Complete mitochondrion genome of the endangered Mohave tui chub Siphateles bicolor mohavensis (Cypriniformes: Cyprinidae).

The Mohave tui chub (Siphateles bicolor mohavensis) is an endangered cyprinid fish endemic to the Mojave Desert region of southeastern California, USA. Here, we describe the complete 16,607 base pair (bp) mitochondrial genome of S. b. mohavensis. The mitogenome has a nucleotide base composition of A (29.08%), T (26.91%), G (17.58%), and C (26.43%), and encodes 13 protein subunits, 22 tRNAs, a 12S rRNA of 956 bp and 16S rRNA of 1691 bp, and a 929 bp D-loop control region, each located in the conserved mtDNA structure typical for cyprinid fishes.

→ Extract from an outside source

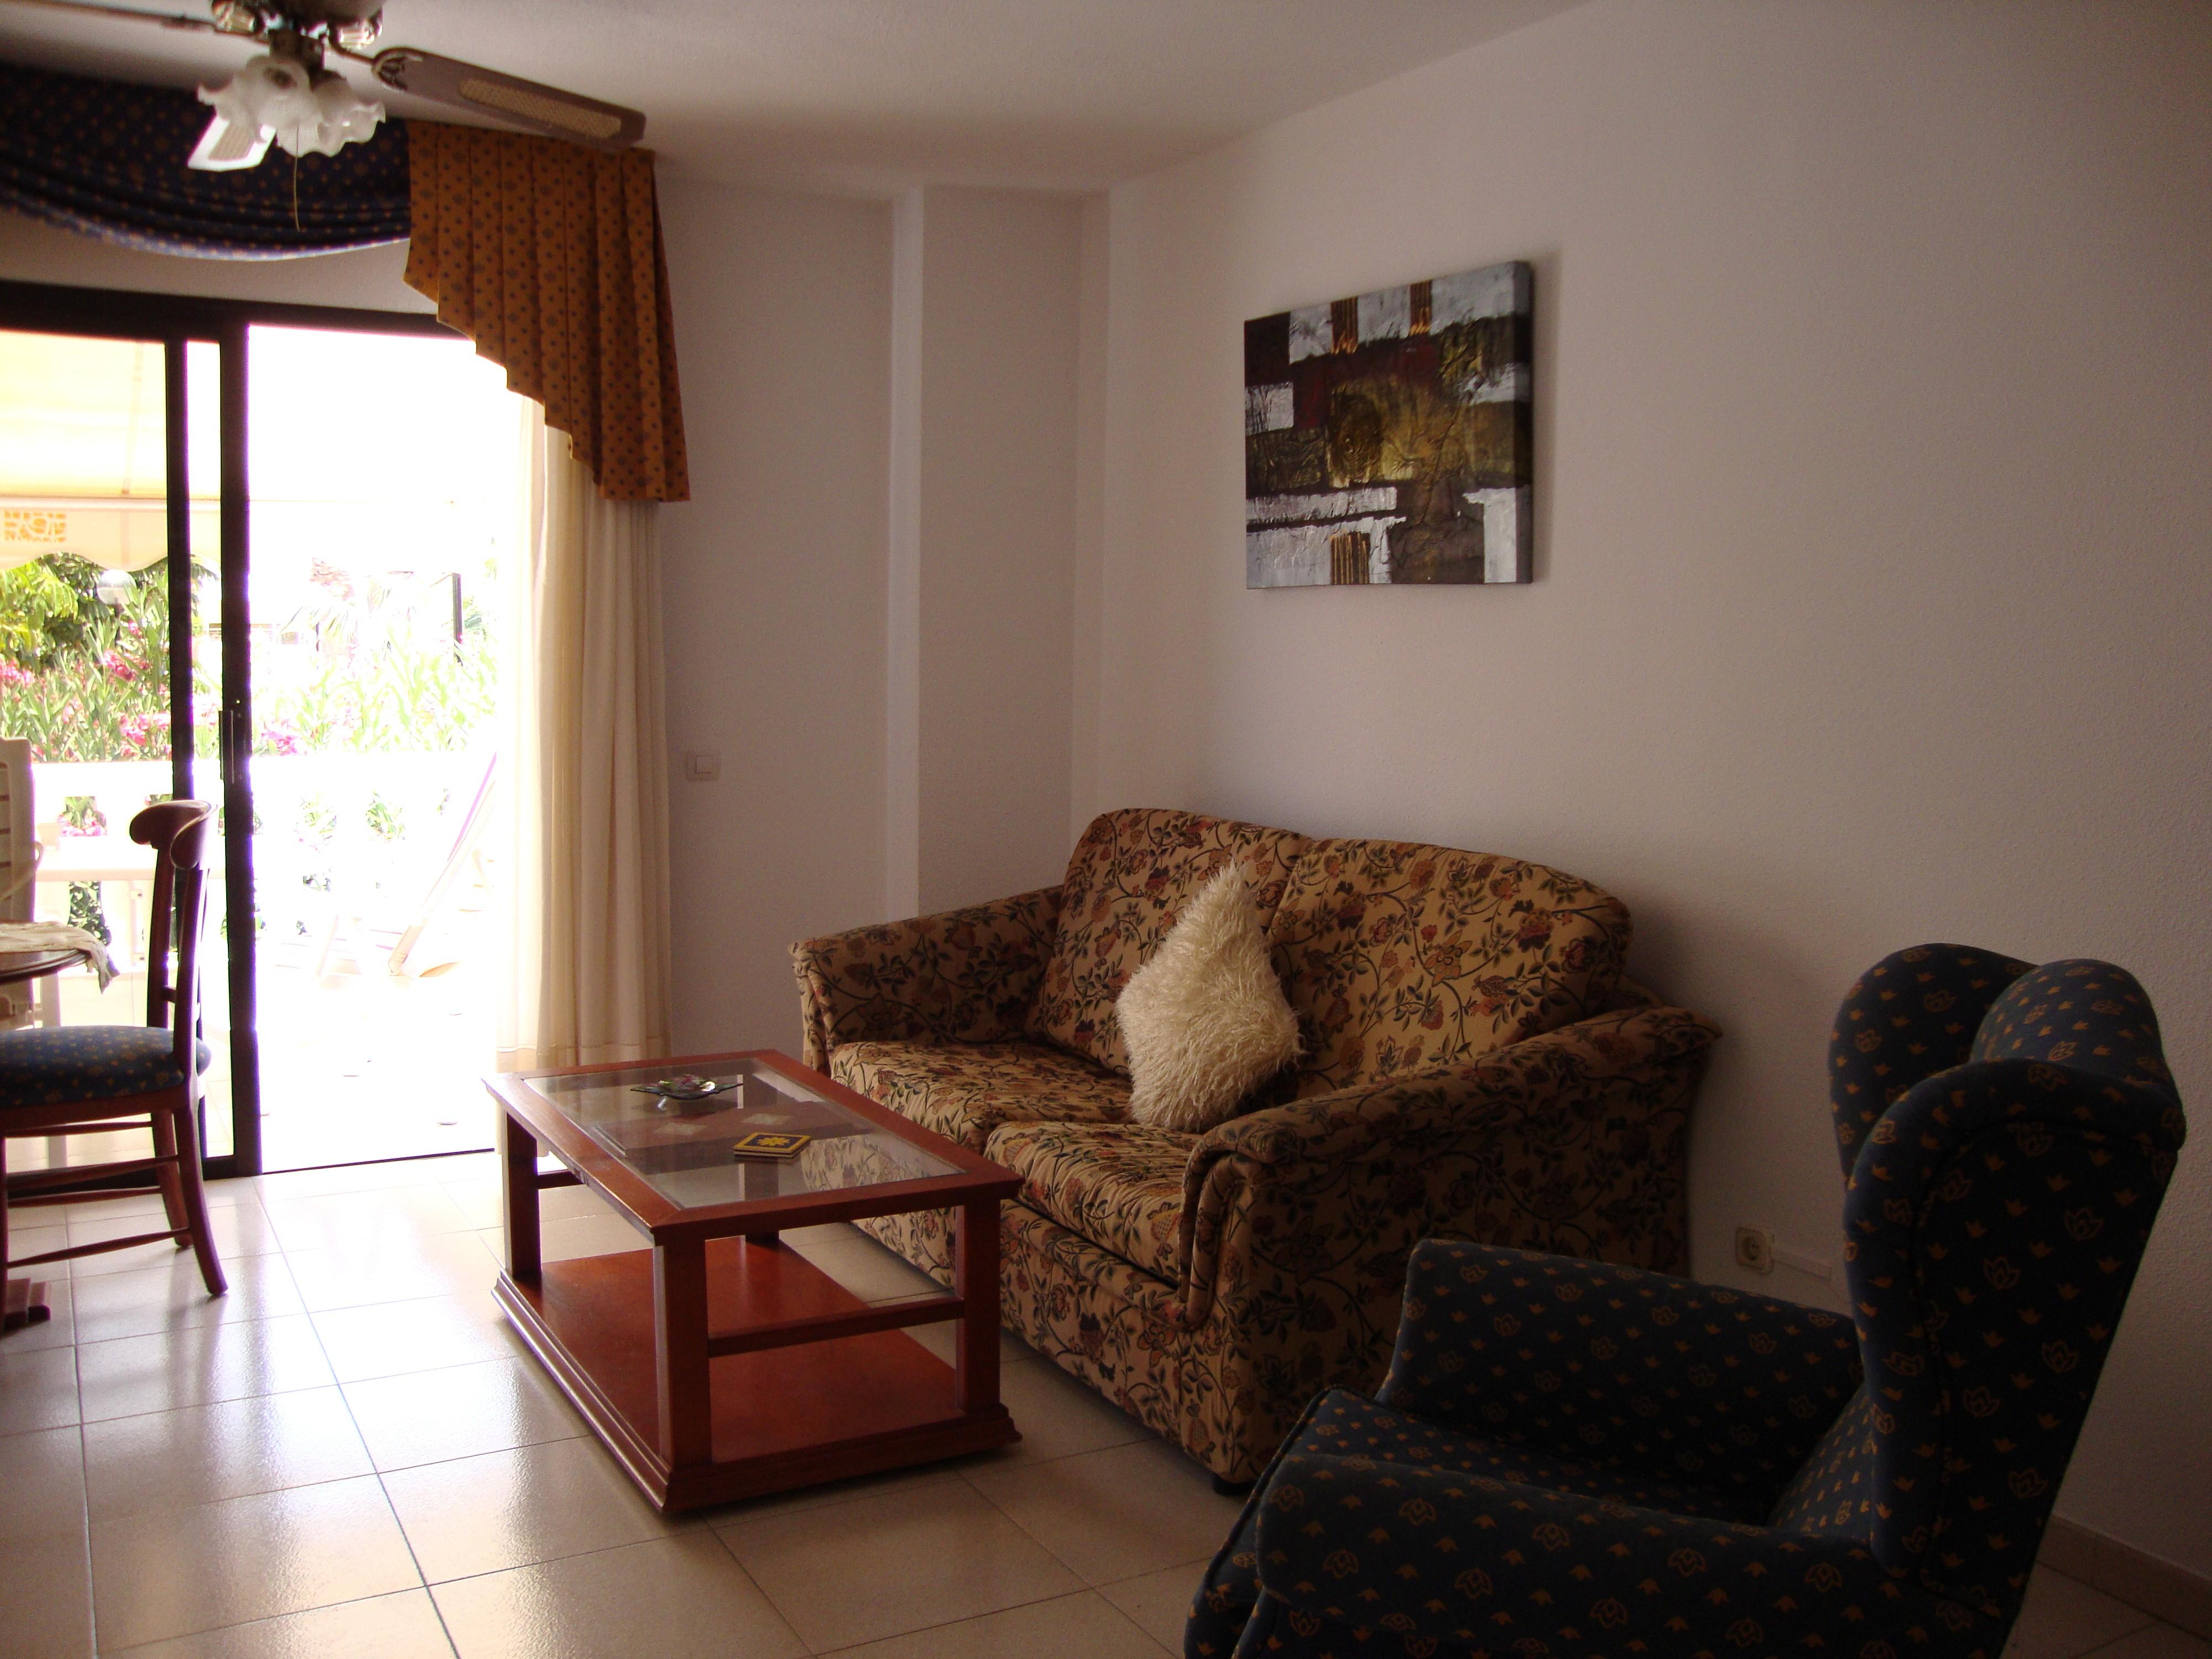 1 Bedroom Apartment (Ref 15), Tenerife Royal Gardens, Tenerife.

All protein-coding genes have initiation codons of ATG or GTG, and only the ND1, CO1, ATPase8, NDL4, ND4, ND5, and ND6 genes have complete stop codons. Phylogenetic analyses confirmed the relationship of S. b. mohavensis to several genera of cyprinids (e.g. Gila, Acrocheilus) also endemic to western North America. This characterized mitogenome may help inform management practices for S. b. mohavensis by facilitating future studies on how allopatric populations of this imperiled species are evolving across refuge habitats.